TASK DESCRIPTION: Should an entry include a picture, omit the picture and still repeat everything else exactly.

PROVIDED INFORMATION:
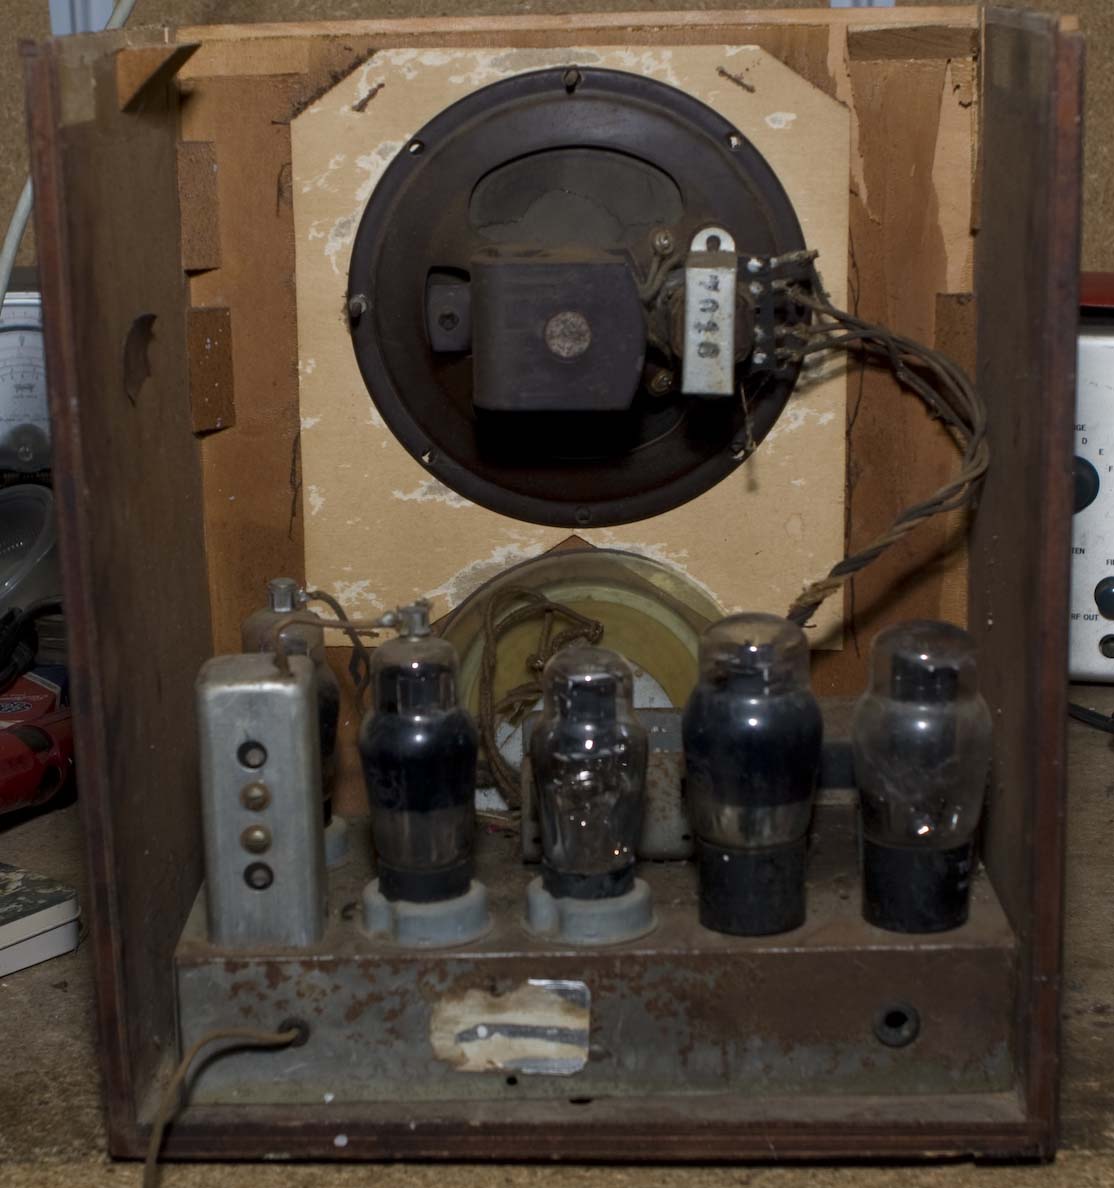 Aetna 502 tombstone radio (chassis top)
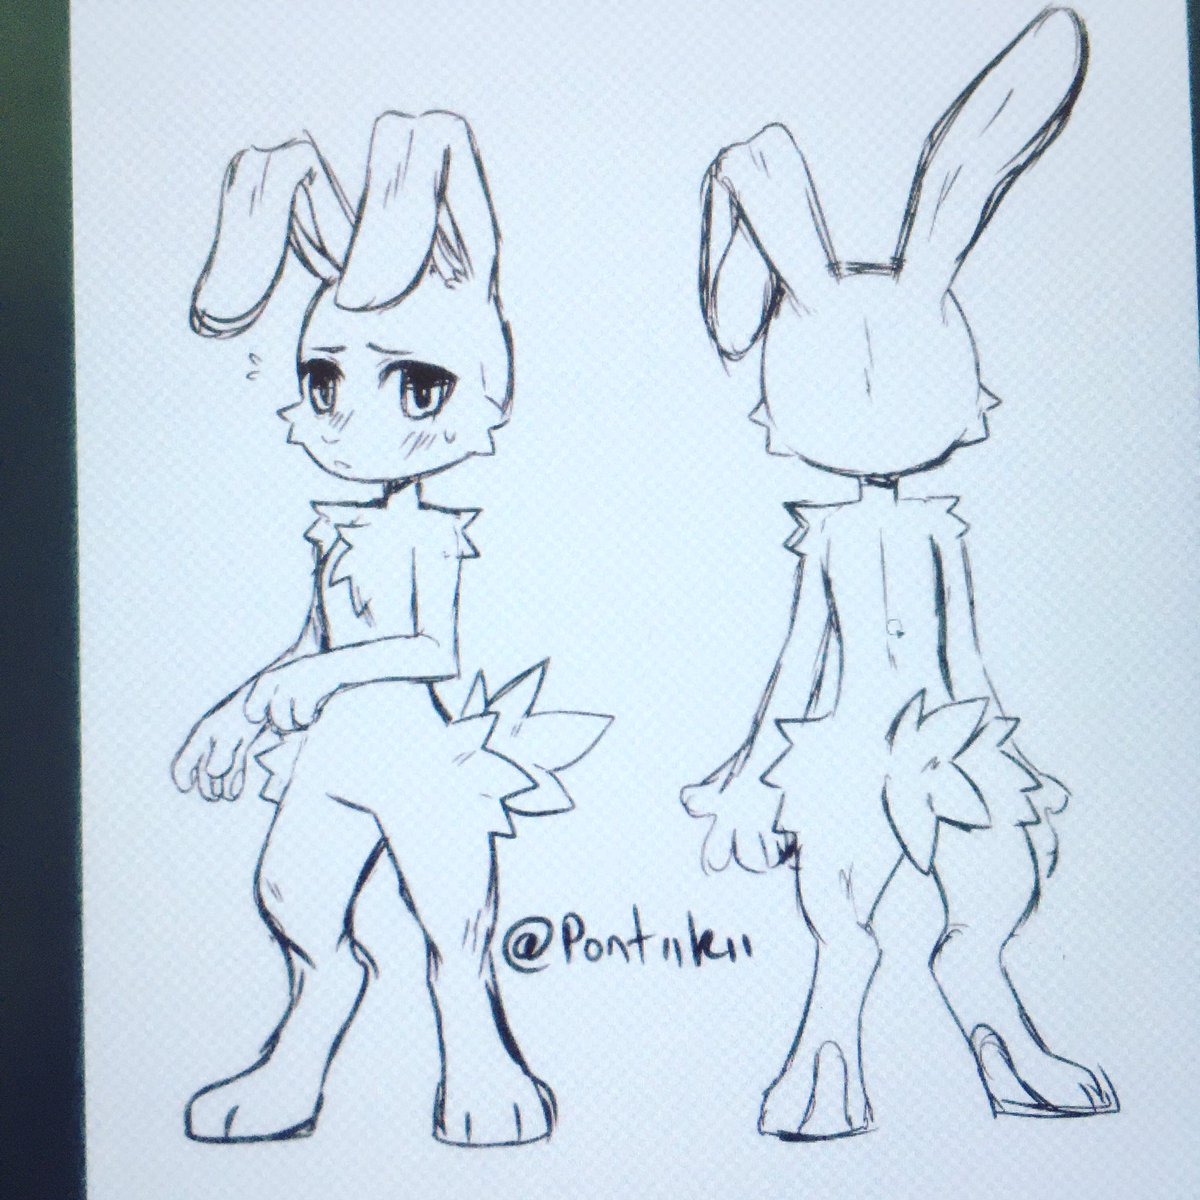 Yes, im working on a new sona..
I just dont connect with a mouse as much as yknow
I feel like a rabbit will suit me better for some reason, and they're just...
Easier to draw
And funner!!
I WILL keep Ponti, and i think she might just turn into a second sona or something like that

TASK ANSWER:
 Aetna 502 tombstone radio (chassis top)
 Yes, im working on a new sona..
I just dont connect with a mouse as much as yknow
I feel like a rabbit will suit me better for some reason, and they're just...
Easier to draw
And funner!!
I WILL keep Ponti, and i think she might just turn into a second sona or something like that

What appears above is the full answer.